--- PROVIDED DATA ---

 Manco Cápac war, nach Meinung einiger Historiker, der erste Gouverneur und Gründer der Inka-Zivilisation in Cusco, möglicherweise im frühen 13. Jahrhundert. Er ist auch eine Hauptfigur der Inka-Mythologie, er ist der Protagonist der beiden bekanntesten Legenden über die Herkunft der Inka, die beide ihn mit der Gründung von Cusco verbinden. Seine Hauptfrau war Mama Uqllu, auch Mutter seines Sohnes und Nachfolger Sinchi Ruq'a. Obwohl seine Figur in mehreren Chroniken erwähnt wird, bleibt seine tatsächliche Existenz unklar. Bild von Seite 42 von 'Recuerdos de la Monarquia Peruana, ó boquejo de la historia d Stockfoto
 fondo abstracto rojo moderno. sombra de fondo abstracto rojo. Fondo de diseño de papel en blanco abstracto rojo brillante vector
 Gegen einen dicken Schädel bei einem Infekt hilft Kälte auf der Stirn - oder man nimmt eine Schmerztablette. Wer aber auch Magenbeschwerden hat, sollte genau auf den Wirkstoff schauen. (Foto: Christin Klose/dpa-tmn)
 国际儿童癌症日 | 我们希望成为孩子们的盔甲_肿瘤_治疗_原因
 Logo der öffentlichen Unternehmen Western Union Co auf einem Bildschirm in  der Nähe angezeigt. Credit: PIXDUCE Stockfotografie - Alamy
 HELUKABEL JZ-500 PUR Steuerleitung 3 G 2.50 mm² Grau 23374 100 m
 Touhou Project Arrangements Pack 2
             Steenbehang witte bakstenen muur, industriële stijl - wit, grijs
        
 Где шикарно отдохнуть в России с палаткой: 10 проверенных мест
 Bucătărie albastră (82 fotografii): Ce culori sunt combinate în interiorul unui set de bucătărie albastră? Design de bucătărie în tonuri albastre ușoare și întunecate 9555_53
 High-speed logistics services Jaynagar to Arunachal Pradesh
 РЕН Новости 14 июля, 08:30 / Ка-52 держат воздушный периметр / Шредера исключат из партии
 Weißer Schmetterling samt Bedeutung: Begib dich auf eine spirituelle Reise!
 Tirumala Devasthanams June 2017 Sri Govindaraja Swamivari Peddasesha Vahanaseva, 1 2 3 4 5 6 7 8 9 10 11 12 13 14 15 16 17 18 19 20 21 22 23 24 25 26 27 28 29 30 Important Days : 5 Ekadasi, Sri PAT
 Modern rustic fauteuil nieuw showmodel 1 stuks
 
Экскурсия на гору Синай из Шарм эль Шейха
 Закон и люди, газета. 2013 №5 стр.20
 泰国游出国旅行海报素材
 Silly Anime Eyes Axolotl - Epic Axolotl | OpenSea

---

■ ASSIGNMENT
Which of the lines above contain "auch"? Return them all.

■ ANSWER BOX
 Manco Cápac war, nach Meinung einiger Historiker, der erste Gouverneur und Gründer der Inka-Zivilisation in Cusco, möglicherweise im frühen 13. Jahrhundert. Er ist auch eine Hauptfigur der Inka-Mythologie, er ist der Protagonist der beiden bekanntesten Legenden über die Herkunft der Inka, die beide ihn mit der Gründung von Cusco verbinden. Seine Hauptfrau war Mama Uqllu, auch Mutter seines Sohnes und Nachfolger Sinchi Ruq'a. Obwohl seine Figur in mehreren Chroniken erwähnt wird, bleibt seine tatsächliche Existenz unklar. Bild von Seite 42 von 'Recuerdos de la Monarquia Peruana, ó boquejo de la historia d Stockfoto
 Gegen einen dicken Schädel bei einem Infekt hilft Kälte auf der Stirn - oder man nimmt eine Schmerztablette. Wer aber auch Magenbeschwerden hat, sollte genau auf den Wirkstoff schauen. (Foto: Christin Klose/dpa-tmn)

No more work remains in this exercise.